Spesso di parla della necessità di progettare e realizzare servizi e-Government accessibili, ma raramente si sente l'esigenza di annoverare tra i doveri di una pubblica amministrazione efficiente ed orientata al cittadino, l'attenzione all'usabilità dei propri portali e di propri servizi. Eppure molte sono le ragioni che dovrebbero spingere verso una maggiore cura di questo aspetto dell'e-Gov, non ultima quella economica. Proviamo a fare luce su cosa è l'usabilità e sul suo ruolo nell'azione di servizio delle Pubbliche Amministrazioni.

Cos'è l'usabilità

"Il gap che esiste fra gli utilizzatori assidui del Web e coloro che non ne fanno uso - ci dice Giale Roccia, coordinatrice del Laboratorio di usabilità del CSI Piemonte - non è solo dettato dalla disabitudine di certe fasce della popolazione a servirsi di strumenti tecnologici avanzati. Un ulteriore grave ostacolo è rappresentato dalla difficoltà che molti incontrano a servirsi di questi strumenti. La difficoltà d'uso ha come conseguenze la resistenza all'apprendimento e la sfiducia degli utenti. Da ciò può derivare l'esclusione di molte persone dai vantaggi che le nuove tecnologie offrono".
Tralasciando le origini storiche dell'usabilità, quindi, possiamo dire che oggi l'usabilità è soprattutto un fatto di democrazia e possimao indicare con questo termine la proprietà che rende semplice l'usare un determinato sito web o servizio on line. Un servizio usabile è, quindi, un servizio semplice da comprendere e con cui è facile interagire.
La necessità di porre attenzione all'usabilità trae origine dal fatto che l'utente di un sistema non è la stessa persona che lo ha progettato e lo ha realizzato, ma un altro individuo, che non ragiona e non si comporta in maniera identica alla prima. A questa differenza sostanziale di fondo ne vanno aggiunte numerose altre tra i vari utilizzatori, che implicano elementi di carattere sociale o culturale. In questo modo la ricerca dell'usabilità non si configura come qualcosa di univoco ed universalmente valido per tutti, ma come un'attività parcellizzata, da applicare a fasce di utenza più o meno omogenee, sulla base di alcuni indicatori fondamentali.

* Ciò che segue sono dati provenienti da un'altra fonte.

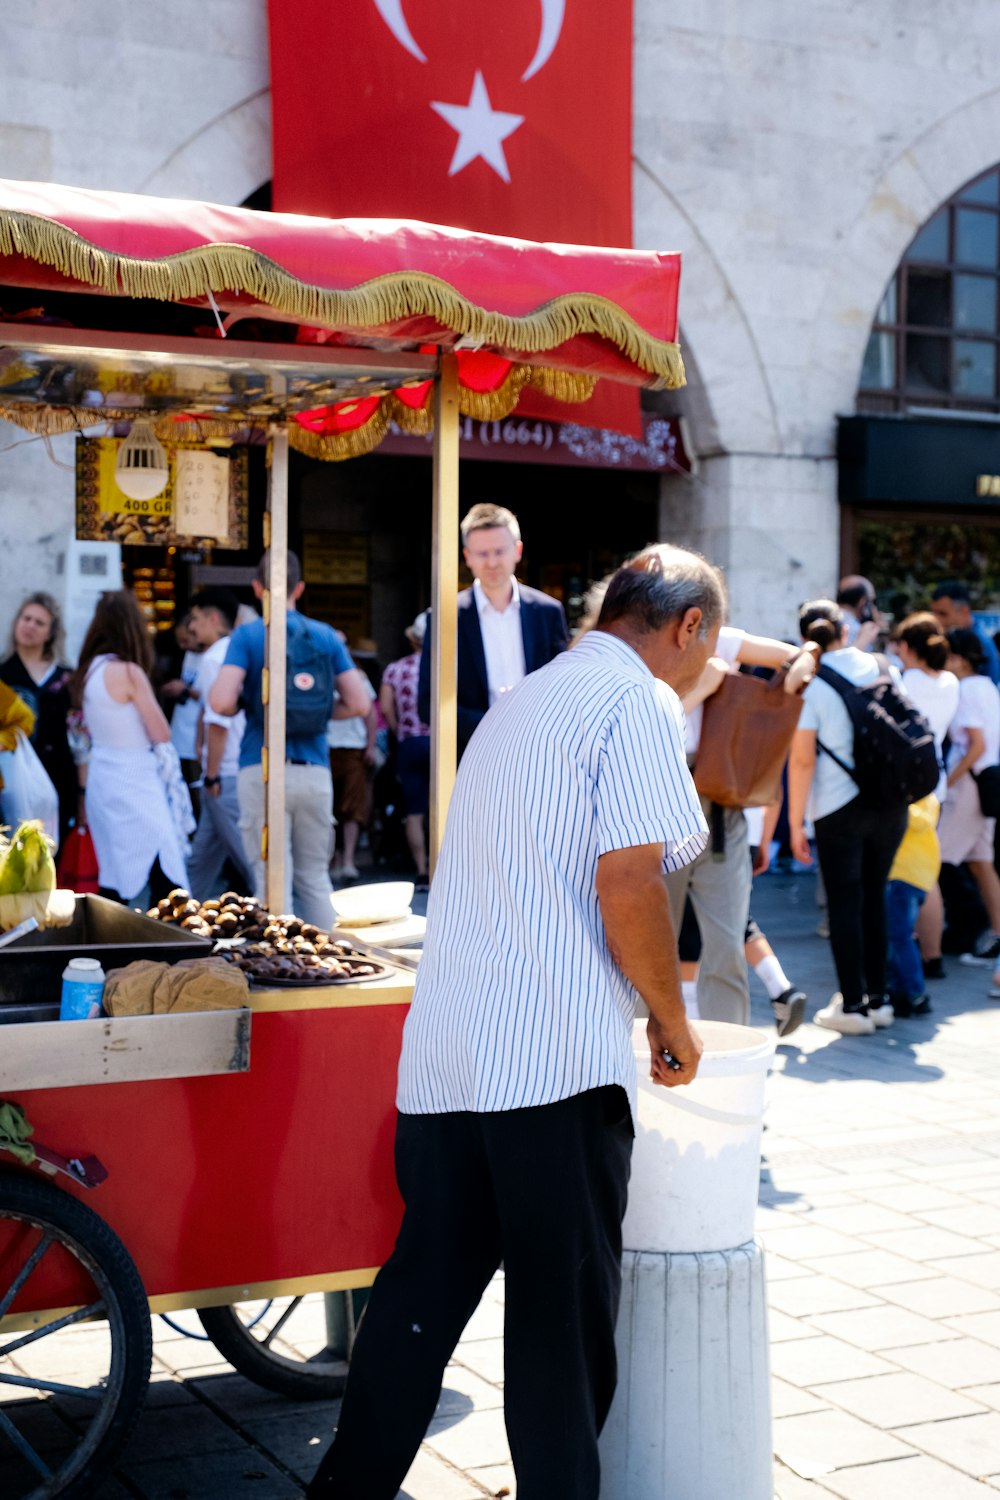 a man standing next to a food stand

I principali attributi dell'usabilità

Facilità e semplicità: è la caratteristica del sito di presentarsi in maniera intuibile, senza regole di funzionamento complesse ed utilizzando metafore di facile intuizione (il carrello della spesa è un esempio classico, così come il pulsante da premere ecc.)
Efficienza ed efficacia: è la caratteristica del sito o del servizio di dare agli utenti risposte chiare, veloci e, soprattutto, pertinenti.
Ricordo: con questa voce si indicano tutte le proprietà di un sistema che lo rendono facilmente individuabile nell'universo di internet, permettendo all'utente di orientarsi e di portare a termine con successo le operazioni utili anche la seconda o la terza volta che si collega, senza il bisogno di imparare nuovamente il meccanismo di base.
Prevenzione degli errori: è la caratteristica di un sistema di essere fluido e di consentire all'utente di muoversi al suo interno con cognizione e non alla cieca, evitando così di ripetere più volte, ad esempio, lo stesso errore di percorso.
Soddisfazione: l'ultima caratteristica riguarda la sensazione generale che ha l'utente dopo aver usufruito del sistema. Lo scopo della sua visita è stato raggiunto? È soddisfatto? Ha la sensazione che il sito o il servizio potrà tornargli utile in futuro?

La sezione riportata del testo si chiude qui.